# [Problem to solve]
The data below is to be written out exactly, with no pictures.
Dataset content START
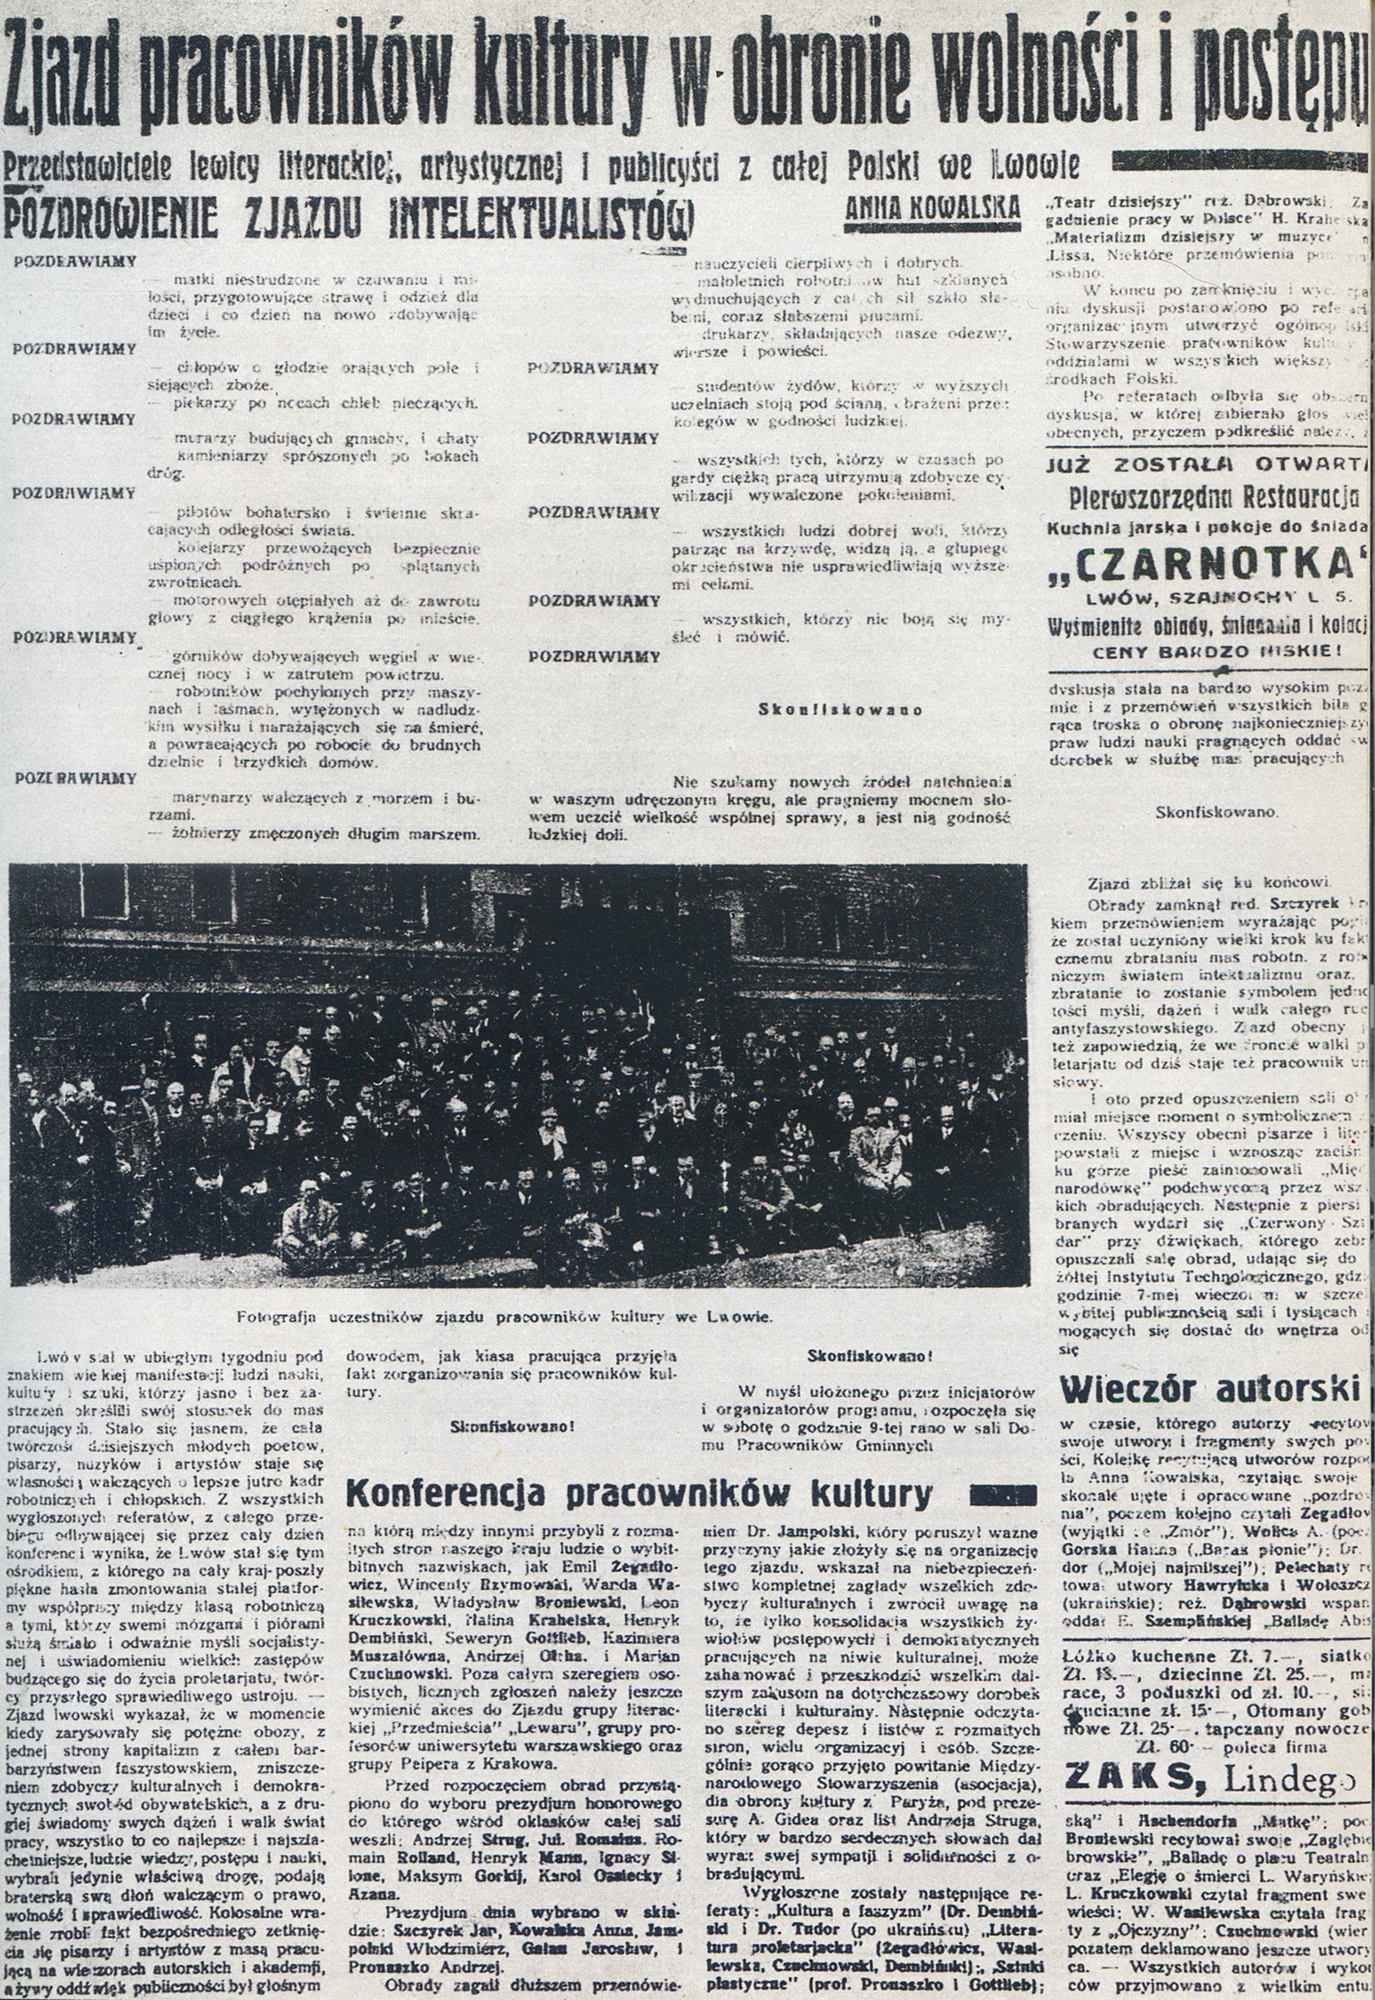 Relacja ze Zjazdu Lwowskiego, „Trybuna Robotnicza”, 24 maja 1936 / Report from the General Assembly in the "Trybuna Robotnicza" newspaper, May 24th 1936
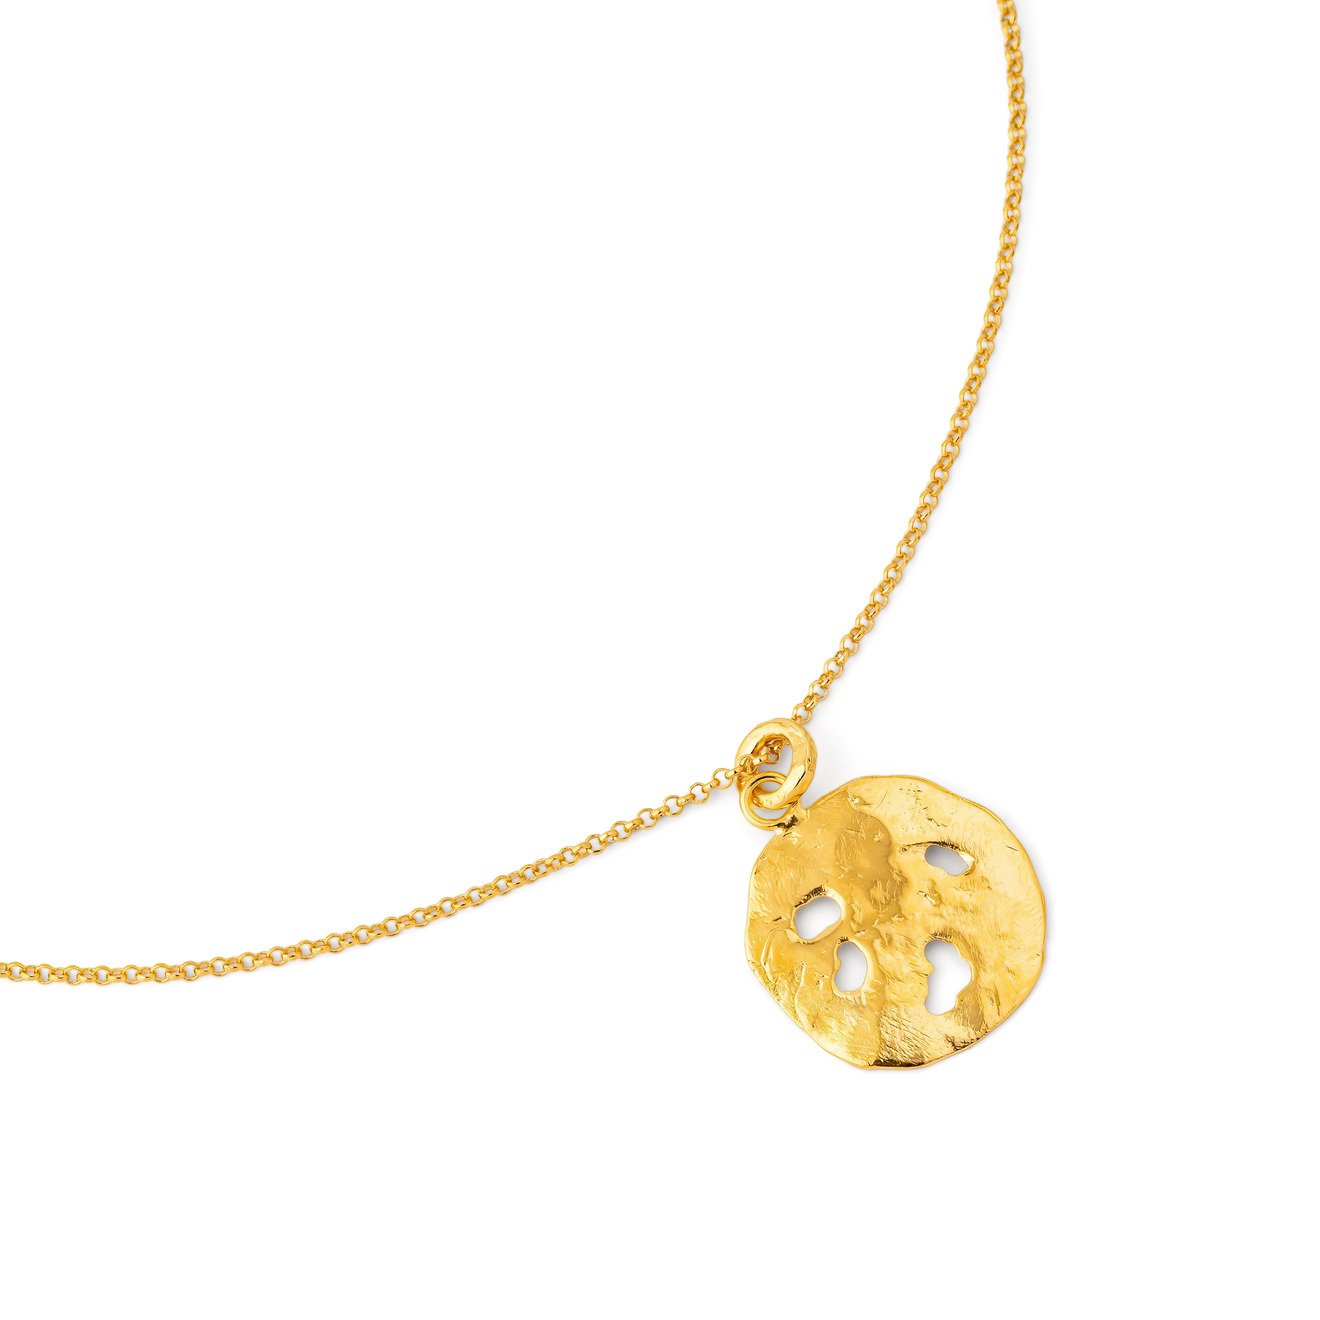 Sevenworlds Золотистая подвеска Pura Vida Medallion из бронзы aqua золотистая подвеска baby
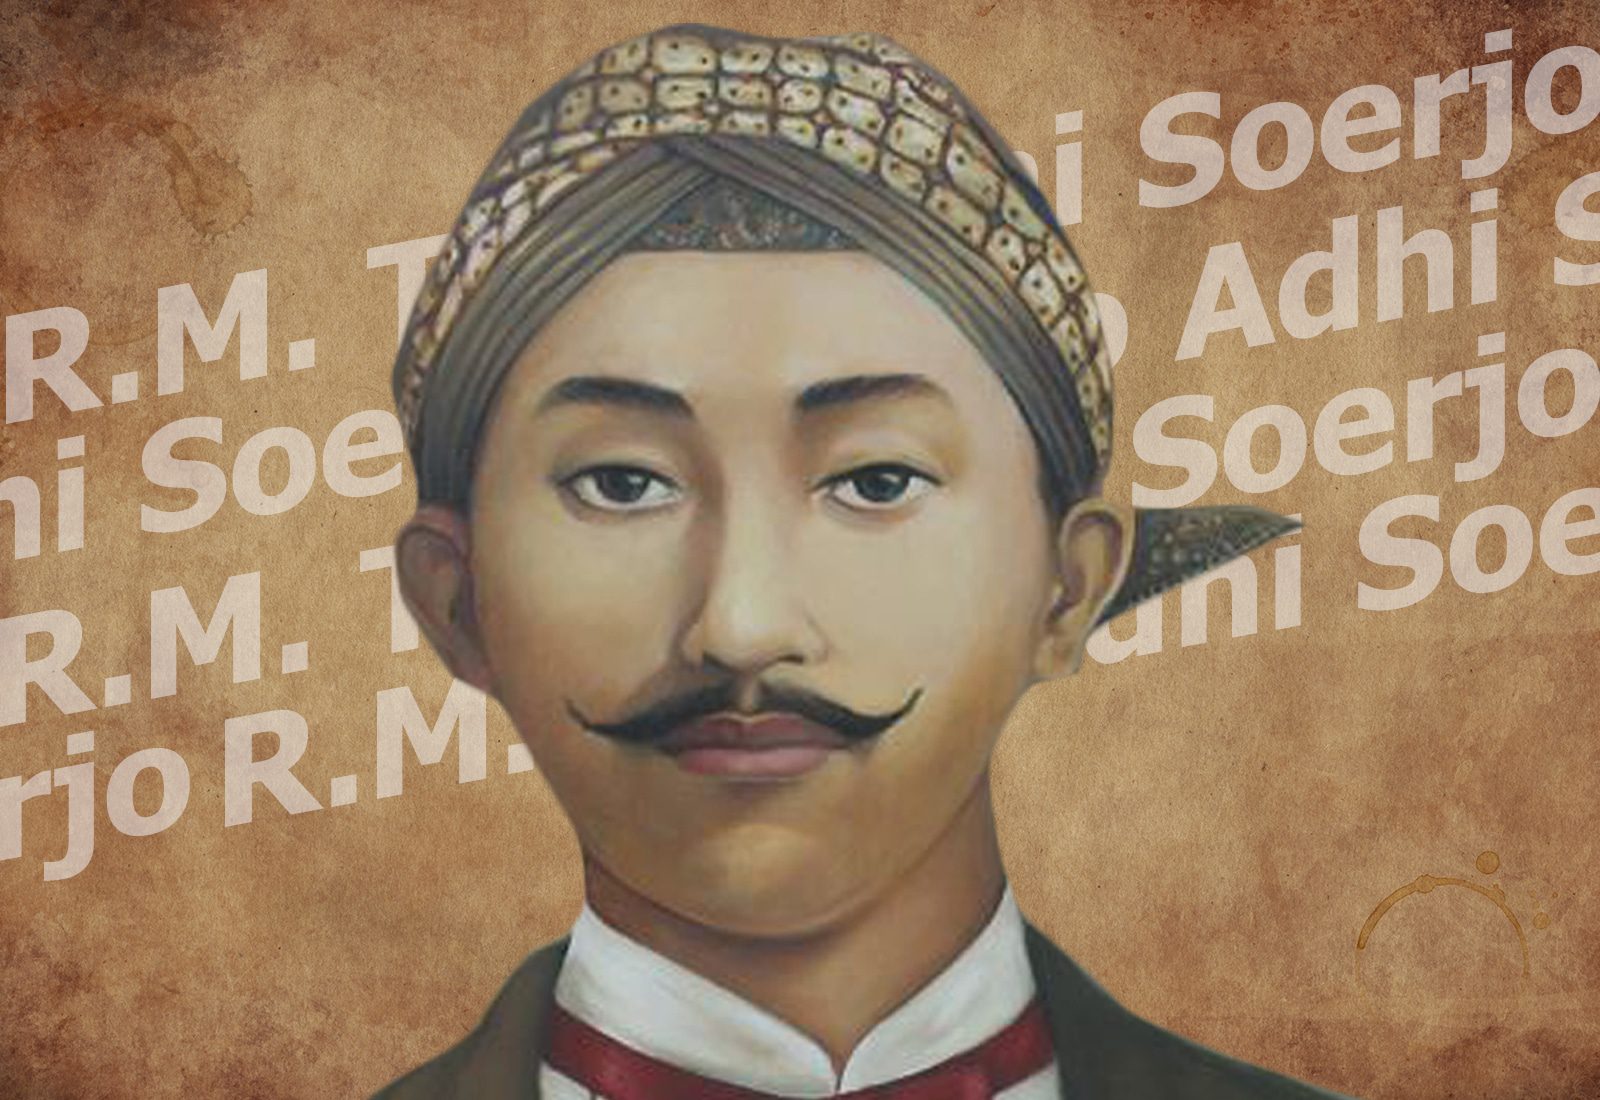 Biografi R.M. Tirto Adhi Soerjo 1880, Sang Pelopor Gerakan dan Pers Nasional
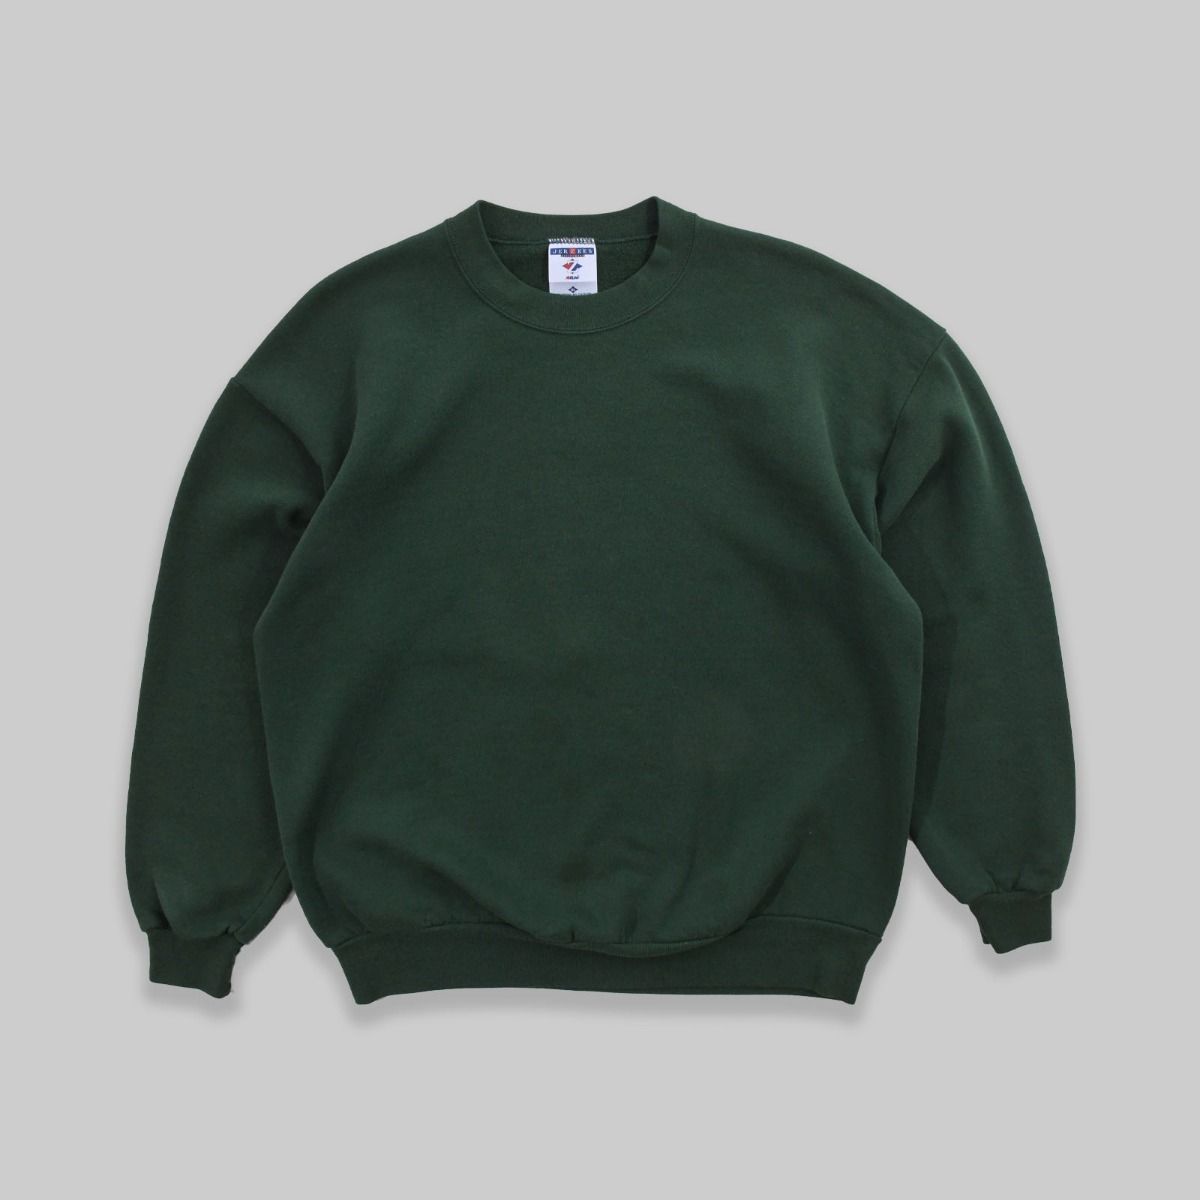 Jerzees Late 1990s Blank Green Sweatshirt
Dataset content END
# [Solution to the exercise]
 Relacja ze Zjazdu Lwowskiego, „Trybuna Robotnicza”, 24 maja 1936 / Report from the General Assembly in the "Trybuna Robotnicza" newspaper, May 24th 1936
 Sevenworlds Золотистая подвеска Pura Vida Medallion из бронзы aqua золотистая подвеска baby
 Biografi R.M. Tirto Adhi Soerjo 1880, Sang Pelopor Gerakan dan Pers Nasional
 Jerzees Late 1990s Blank Green Sweatshirt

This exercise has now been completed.